== The task ==
Skip any image you find and restate the rest of the data word for word.

== Collected data ==
BEGIN

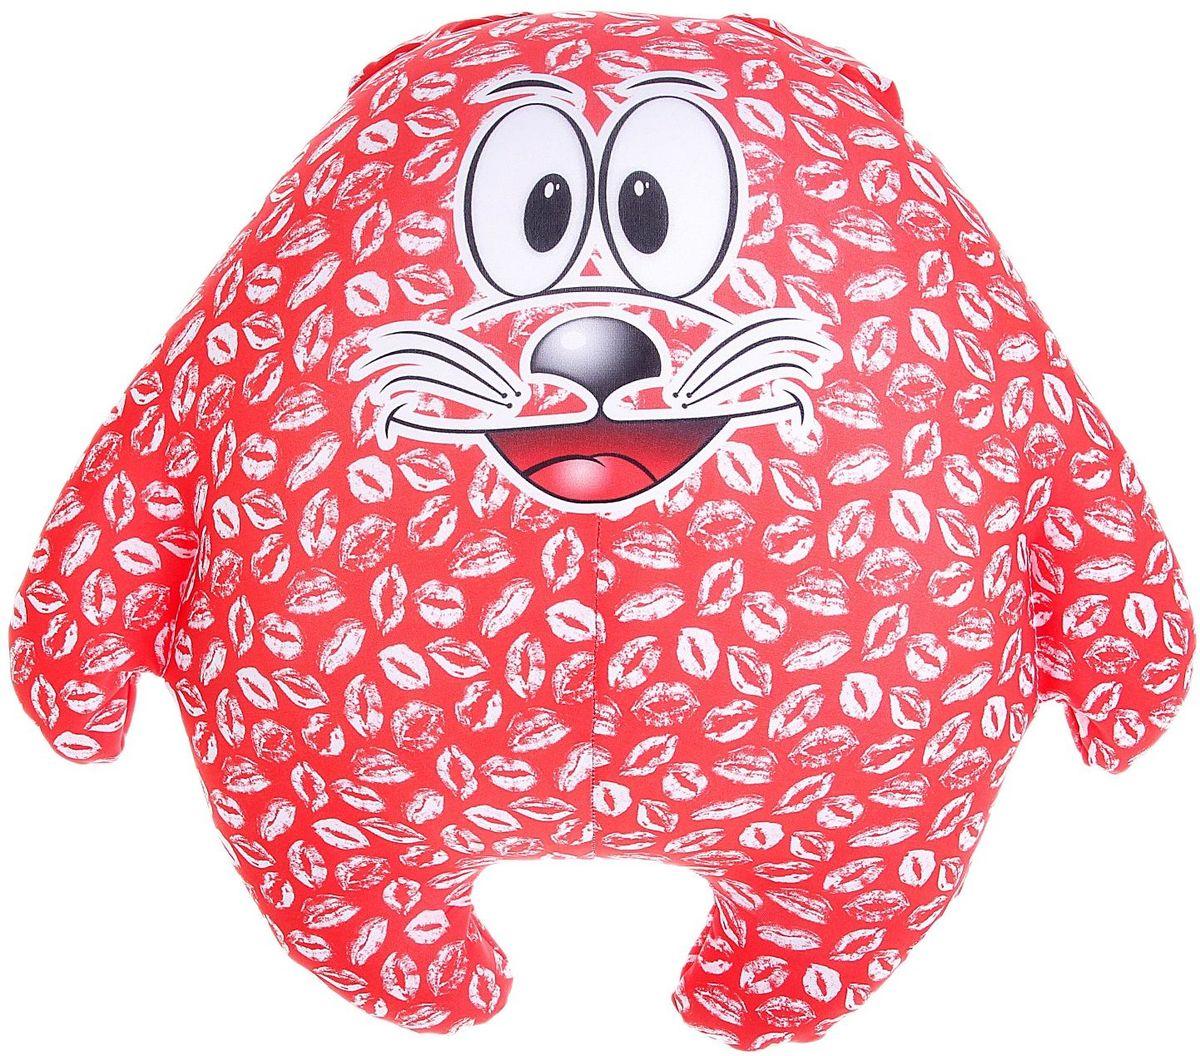 Мягкая игрушка-антистресс Кот Лаки 164052 подушки декоративные оранжевый кот подушка игрушка антистресс панда
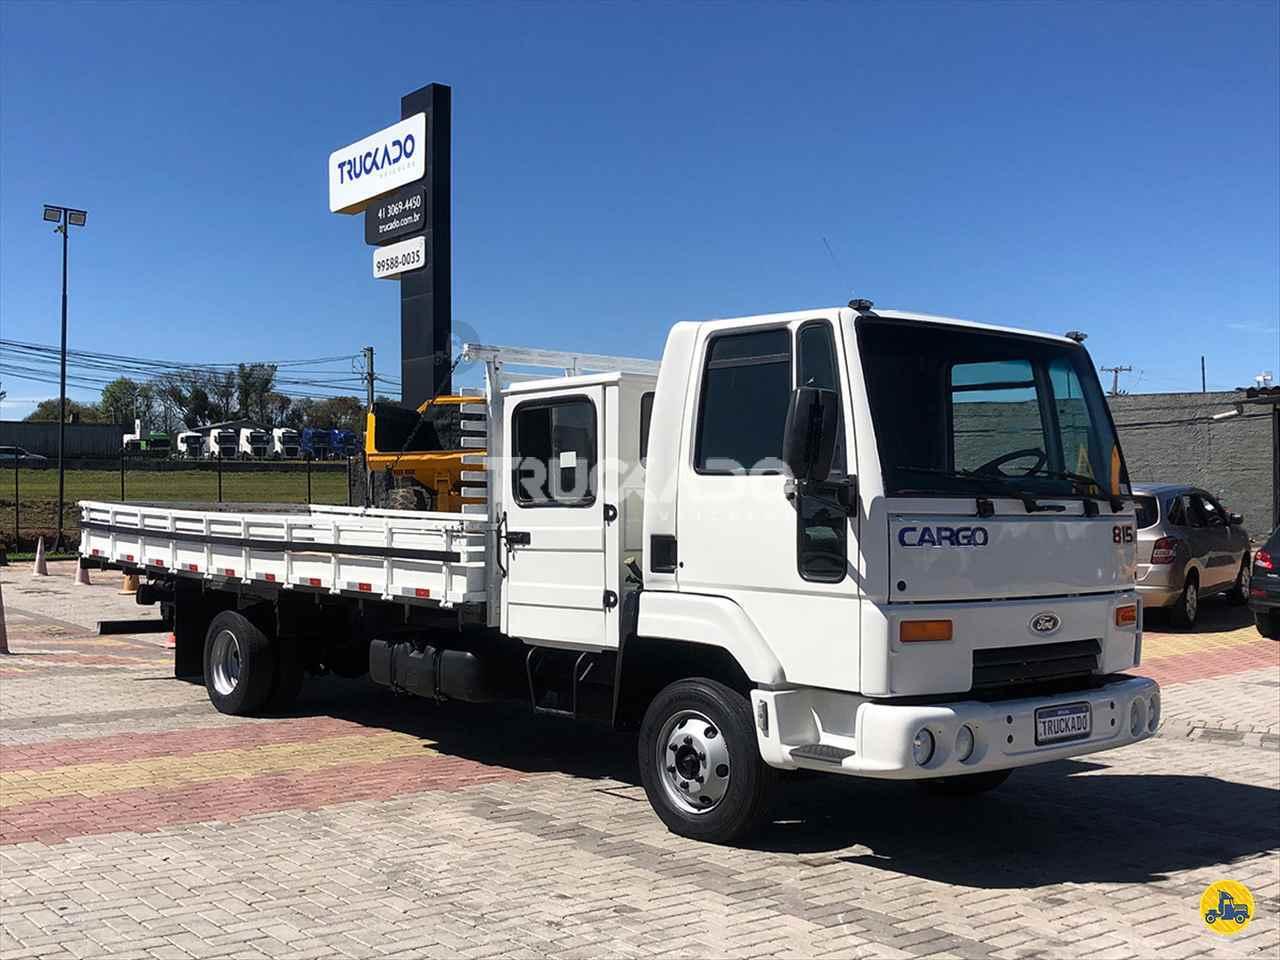 CARGO 815 de Truckado Veículos - CURITIBA/PR
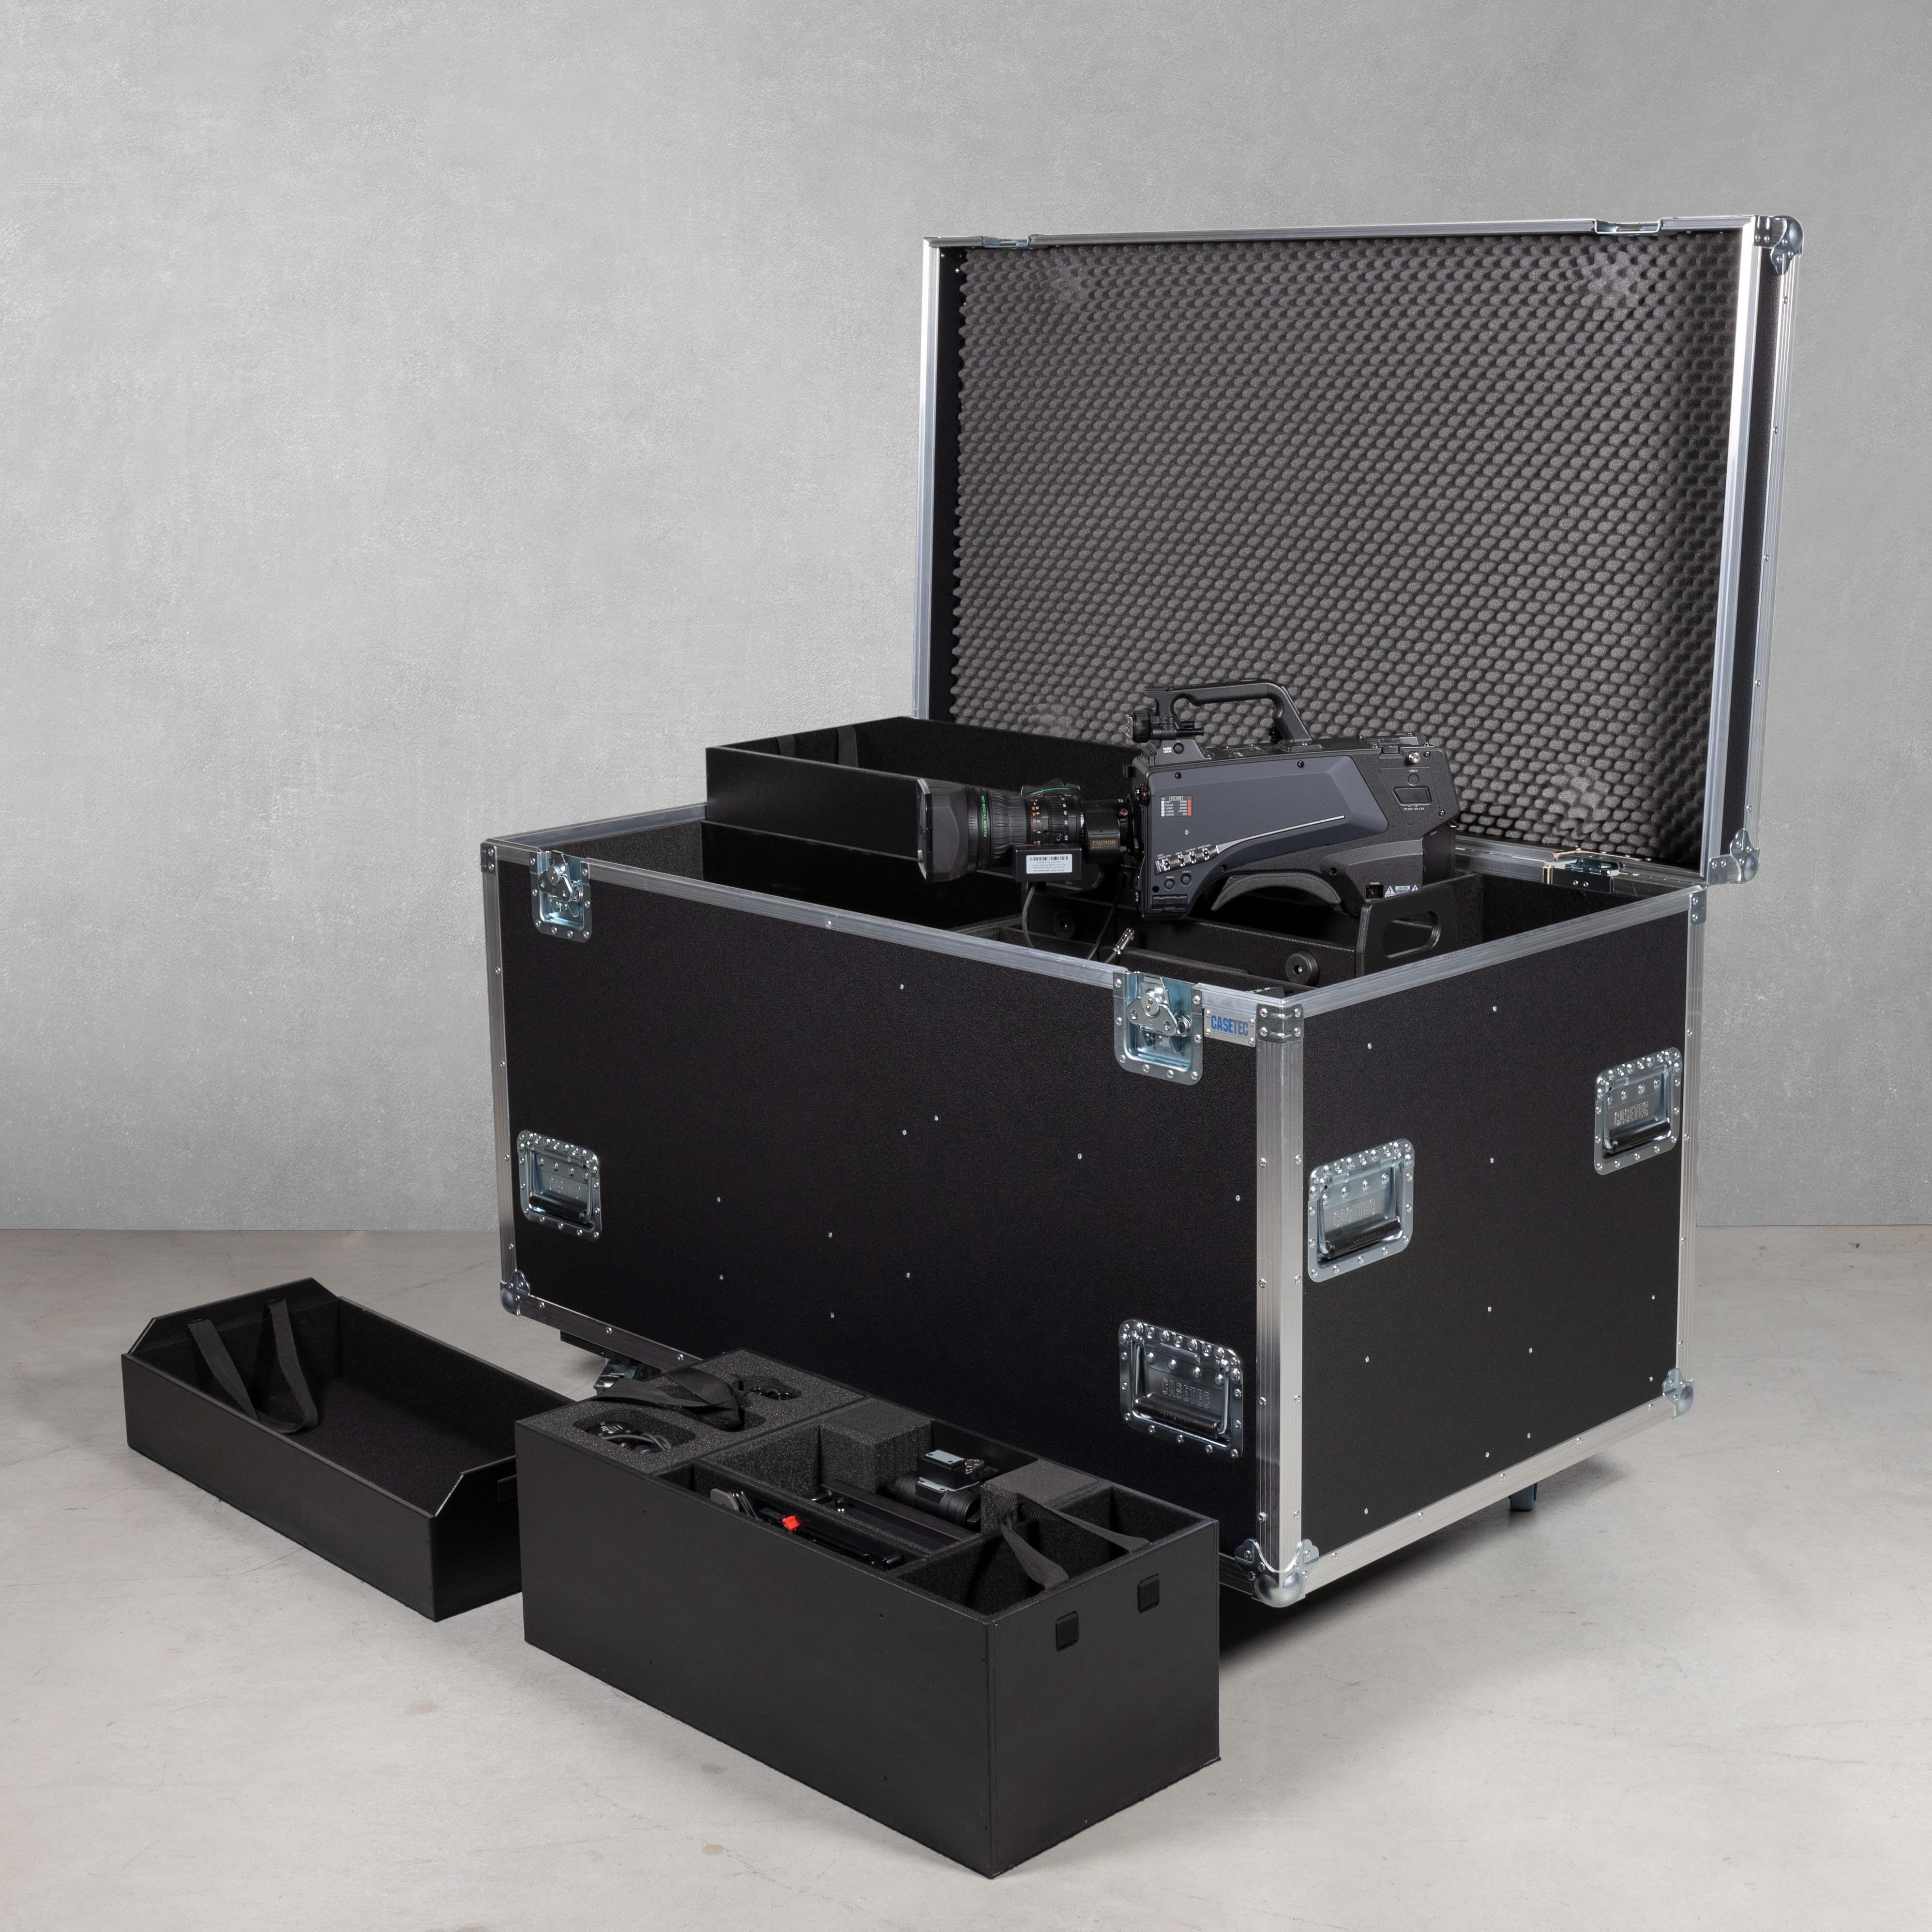 Flightcase für Kamerazug Panasonic AK-HC5000 inkl. Rackmodul

END

== Task result ==
 Мягкая игрушка-антистресс Кот Лаки 164052 подушки декоративные оранжевый кот подушка игрушка антистресс панда
 CARGO 815 de Truckado Veículos - CURITIBA/PR
 Flightcase für Kamerazug Panasonic AK-HC5000 inkl. Rackmodul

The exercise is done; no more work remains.